This year's AGU Fall Meeting will have a session focused on science results from Yellowstone and other petascale systems, and we would like to encourage Yellowstone users to submit an abstract about results you may have from your allocations on the system. Session conveners are Jim Hurrell, Director of the National Center for Atmospheric Research (NCAR); Jim Kinter, Director of the Center for Ocean-Land-Atmosphere Studies (COLA); Doug Nychka, Director of the Institute for Mathematics Applied to Geosciences (IMAGe) at NCAR; and Marijke Unger, External Relations Specialist at NCAR.
Early submission deadline for abstracts is July 27 and abstract submissions close on August 3. To submit an abstract, please see http://fallmeeting.agu.org/2016/. The session information is included below.
If you have any questions, please contact Marijke Unger (email@example.com).
Session ID: 13305
Session Title: IN041. Supercomputing for Geoscience: Success Stories from Yellowstone and Other Petascale Systems
Section/Focus Group: Earth and Space Science Informatics
Supercomputing for Geoscience: Success Stories from Yellowstone and Other Petascale Systems
Geoscience has advanced dramatically in the past 50 years by exploiting supercomputers. For example, the Yellowstone supercomputer has been exclusively dedicated to the geosciences, and has contributed two billion core hours to help scientists answer questions about the solar dynamo and photosphere, learn about climate predictability and make predictions of future climate, understand turbulence, and study space and global weather.
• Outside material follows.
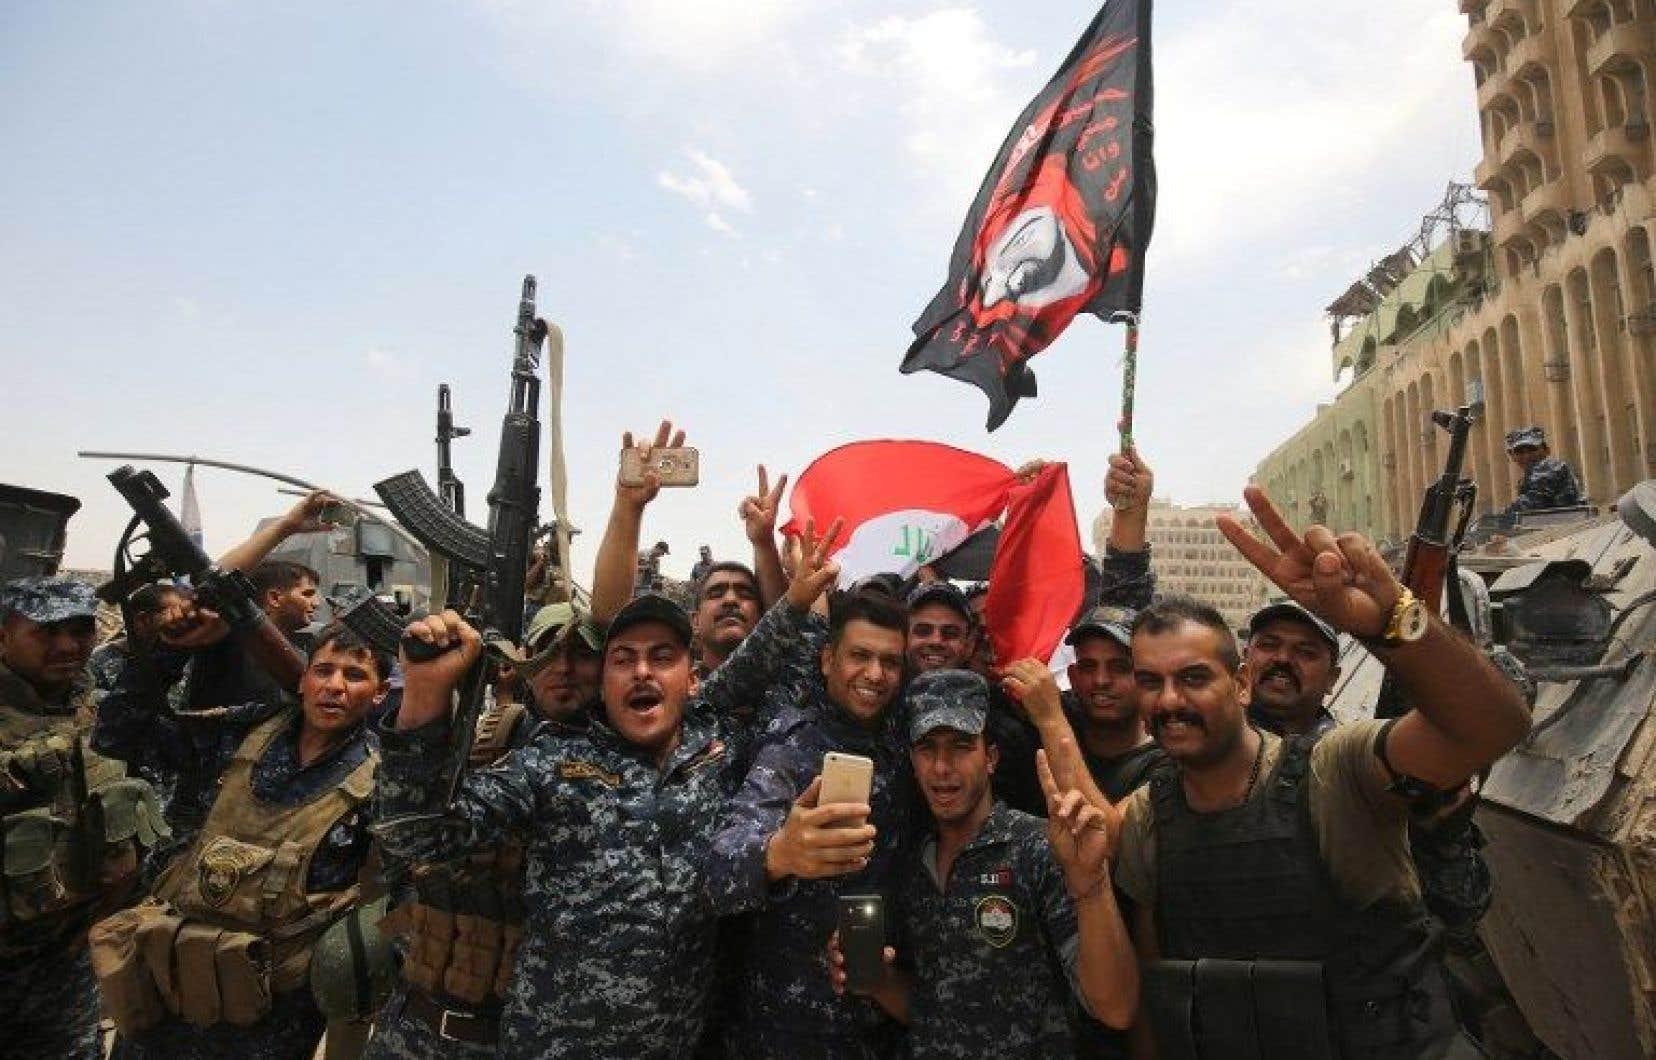 Une offensive avait été lancée le 17octobre par les forces irakiennes, soutenues par la coalition internationale dirigée par les États-Unis.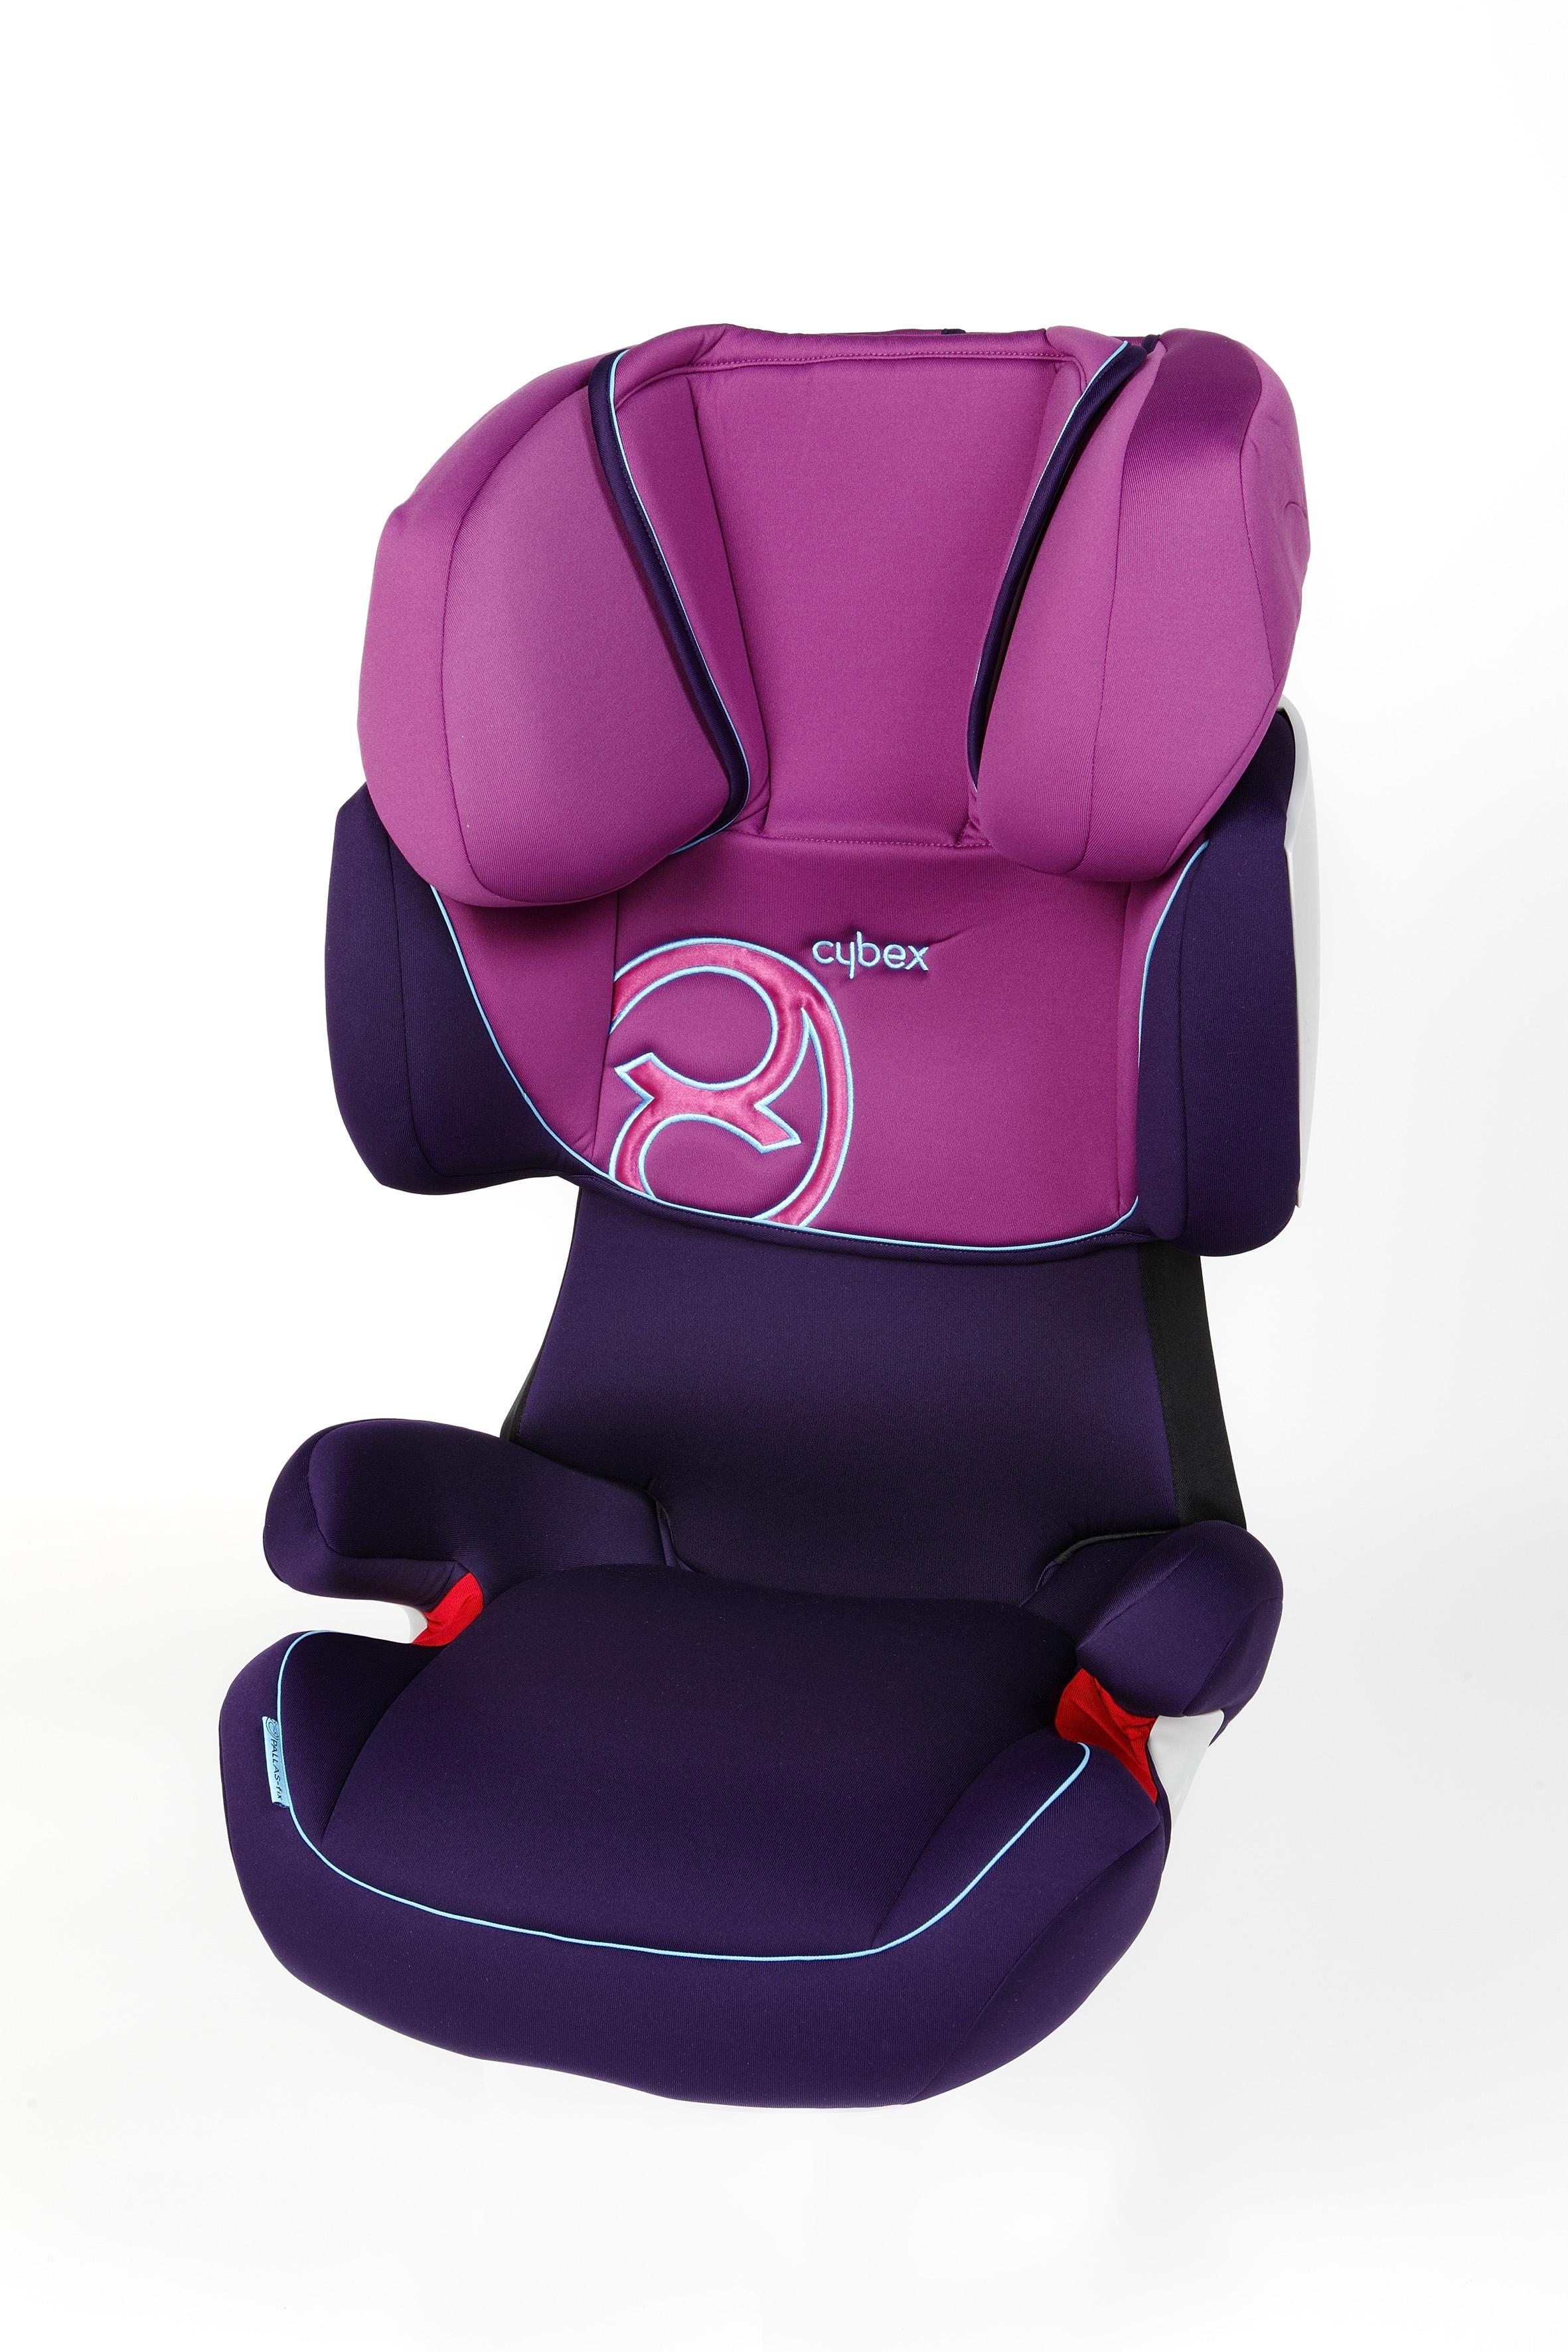 Test Sièges d'enfants II - Test Kindersitze II

Yellowstone is operated by the National Center for Atmospheric Research with funding from the National Science Foundation, and has served a global community of 2,500 space physicists, climate dynamics researchers, mesoscale meteorologists, and geologists. This session illustrates the value of high performance computing resources dedicated to geoscience, showcasing computational advances in understanding anthropogenic climate change and associated impacts, in modeling the Sun and predicting coronal mass ejections, in improving severe weather forecasts, and in finding new sources of energy, and looks at how future supercomputers might inform scientific discovery.